QUEEN OF FLOWERING TREES: Very Difficullt To Propagate

Flowering Amherstia nobilis grown in a rubberized container at the Sarian Farm in Teresa, Rizal.

A lot of people would love to have in their garden the rare Queen of Flowering Trees botanically known as Amherstia nobilis. We have a big mother tree in our farm, easily about 50 years old because when we took over the farm 35 years ago, it was already a full grown tree.

The tree has been religiously putting out its display of dangling clusters of pink flowers usually from January to late April each year. The trouble is that our propagator cannot seem to succeed in marcotting the branches. Marcotting is the only way of multiplying this flowering tree because it does not produce seeds in the Philippines. The only time we saw pink pods that produced seeds was in the early ‘60s when a professor in UPLB treated the flowers with hormone and the tree in Los Baños produced pink pods with seeds. We are not sure now if the seeds ever germinated.

There’s no way the Amherstia could be multiplied by grafting because there are no rootstocks to use. The Amherstia in Los Baños was said to have been the first to be introduced in the Philippines. It was growing at the Seniors Social Garden but it could not be found there anymore.

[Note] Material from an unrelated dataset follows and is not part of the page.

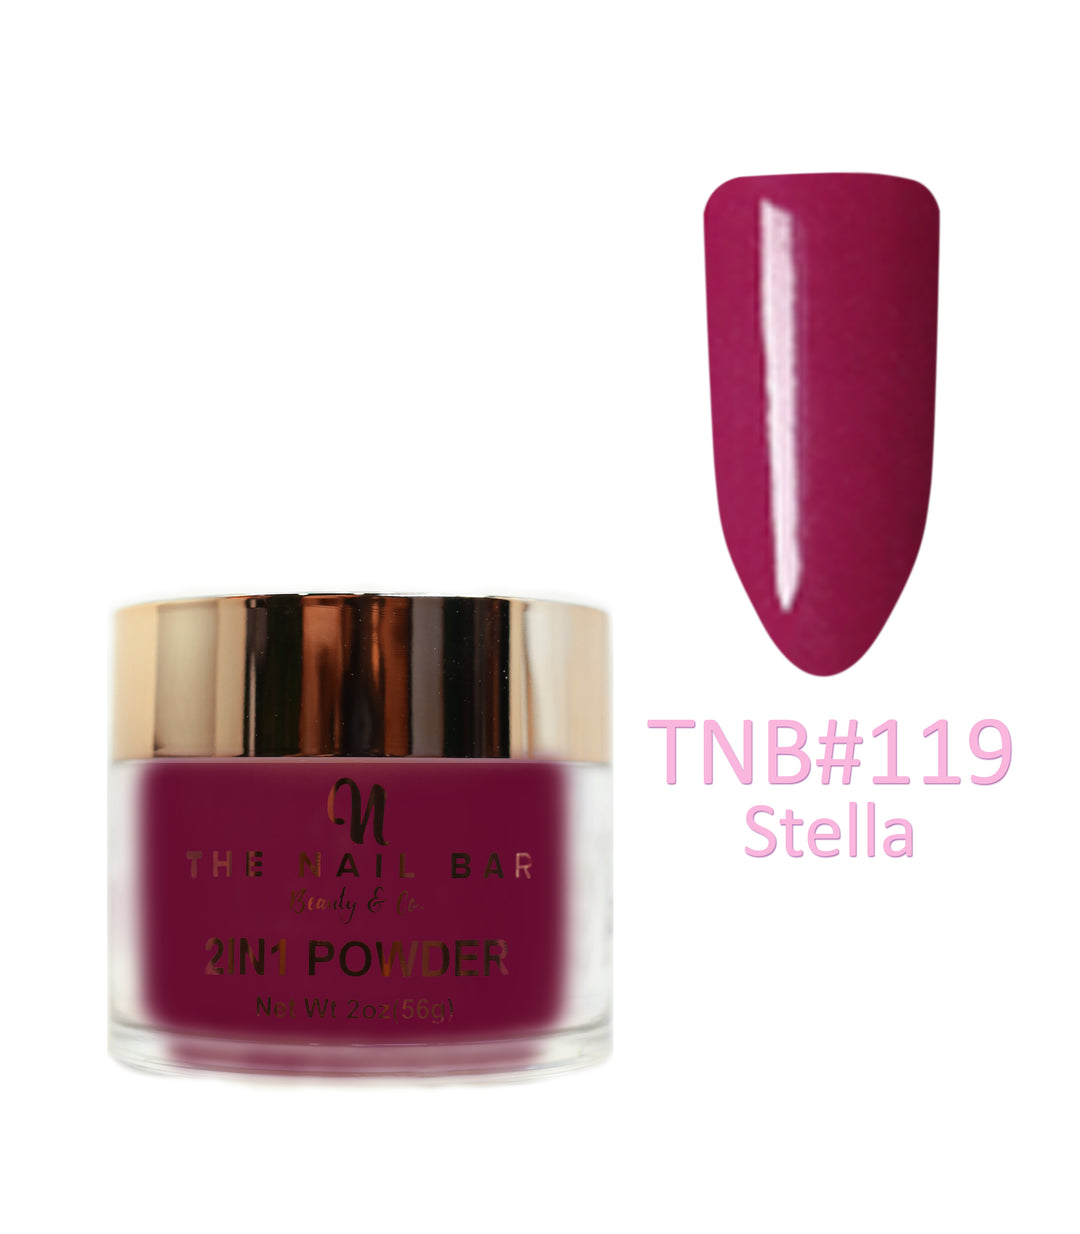 2-In-1 Dipping/Acrylic colour powder (2oz) -Stella - The Nail Bar Beauty & Co.

Said to be a native of Burma (now Yanmar), the flowering tree was named after Lady Sarah Amherst, a plant collector and said to be the wife of a British governor in India.

Back to our Amherstia in our farm in Teresa, Rizal. For so many times, our propagator had attempted to marcot mostly branches that were one inch in diameter or smaller. Some of them produced roots but they usually died during establishment.

Then our propagator marcotted a big branch, more than two inches in diameter, and that is the most successful marcot we ever had. We are featuring that here. Maybe there are other plant lovers who also have Amherstia in their garden. But we don’t know of anyone.

Close up of the Amherstia flower at the Sarian Farm, Teresa, Rizal.